Gus is right-pawed

Reader Taskin, staff of Gus, took a tip from Simon’s Cat Logic—those episodes of Simon’s Cat in which Nicky Trevorrow of Cats Protection gives cat-tending advice.

One of her suggestions for cats who were housebound and possibly bored was to give them some stimulation by making them search for their food. She suggested building a series of cardboard tubes in which treats were sequestered, making the cat snatch them out with its paw.

Taskin built the device below, which I call the Tower o’ Treats. I asked her to watch Gus retrieve at least 100 treats and record which paw was used to nab the bit of kibble.

The data are below. “Combo” means that both paws were used in the order given, so that “RLR” means that he tried his right paw, then the left, and then pulled out the treat with a final right-pawed grab. In the statistical analysis, I omit the two cases in which the treat fell out of the tubes.

In the picture above, Gus is retrieving a treat with his right paw.

Here are the data:

Right paw only:  96
Left paw only:    3
Combinations ending with right paw: 3
Combinations ending with left paw:   2

Using only the single-paw grabs (96 vs. 3), we expect, if paws were used randomly, that half the time each paw would be used: 49.5 times for the right and 49.5 times for the left (we can ignore the fact that “half instances” can’t be seen). Using a chi-square analysis under the expectation of equality, with one degree of freedom, we get:

χ² = 87.36; p = 0.00000000000000000000905

If we do the same thing but add the few “last paw used” observations to the “single grab” data, so that “RL” counts as “left” and “LRLRR” counts as “right” (I take the last paw as dispawsitive), we get a similar chi-square statistic:

χ² = 84.96; p = 0.0000000000000000000304 

(Thanks to Greg for calculating these probabilities.)

In both cases, the probability of a deviation from equality as large as we see with Gus is less than one trillionth of one-percent, which is considered a highly significant deviation from equality.

CONCLUSION: Gus is right-pawed. 

Try this with your cat!

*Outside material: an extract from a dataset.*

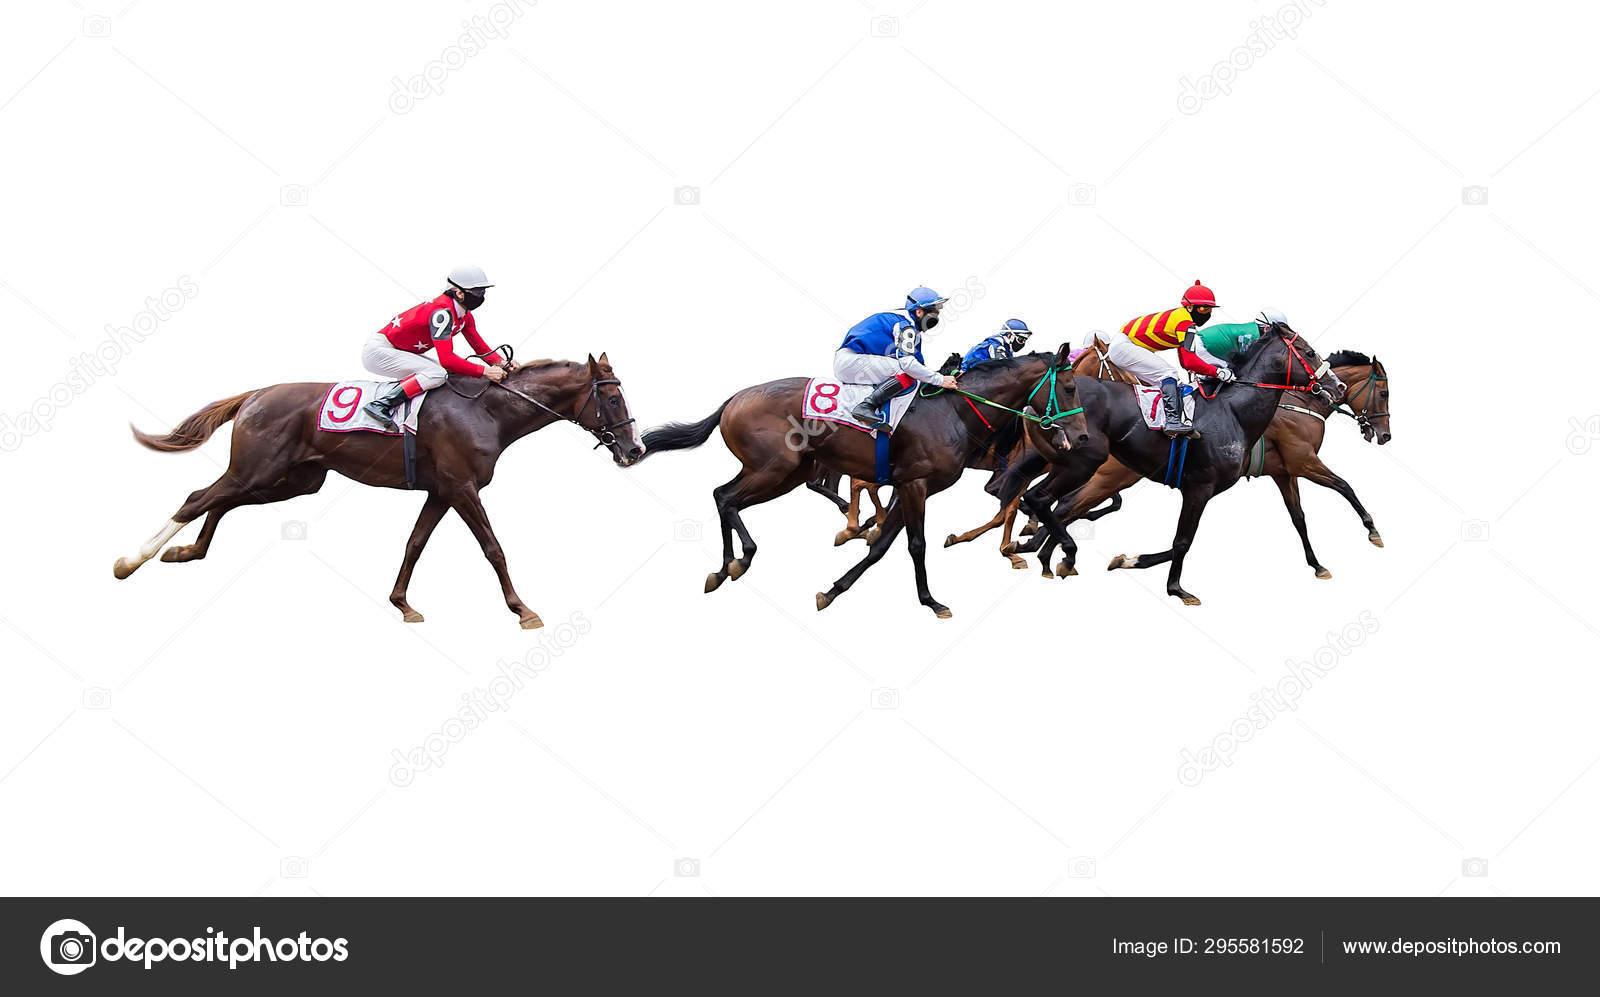 Horse Racing Jockey Isolated White Background Stock Photo C Dikkenss 295581592

You won’t need 100 observations, but fifty would be good.

I calculated this by hand, so forgive any errors. Statistics really aren’t needed for data this skewed, but I calculated them anyway.

 

16 Comments

  1. Blue
    Posted April 22, 2018 at 12:21 pm | Permalink

    Curiously lovely experimetation !
    I myself ‘ve long wondered on this
    specifically within Felidae, that is,
    domesticus.

    Cuz without an experiment, every single
    kitty cat who has ever owned me ?
    ALL of them seemed to reach for stuffs,
    whatever that was, with overall and
    whelmingly, … … her left paw.
    Not always but … … nearly always.

  2. Posted April 22, 2018 at 12:28 pm | Permalink

    That harness looks crooked. It could be influencing the cat’s freedom to move its front legs.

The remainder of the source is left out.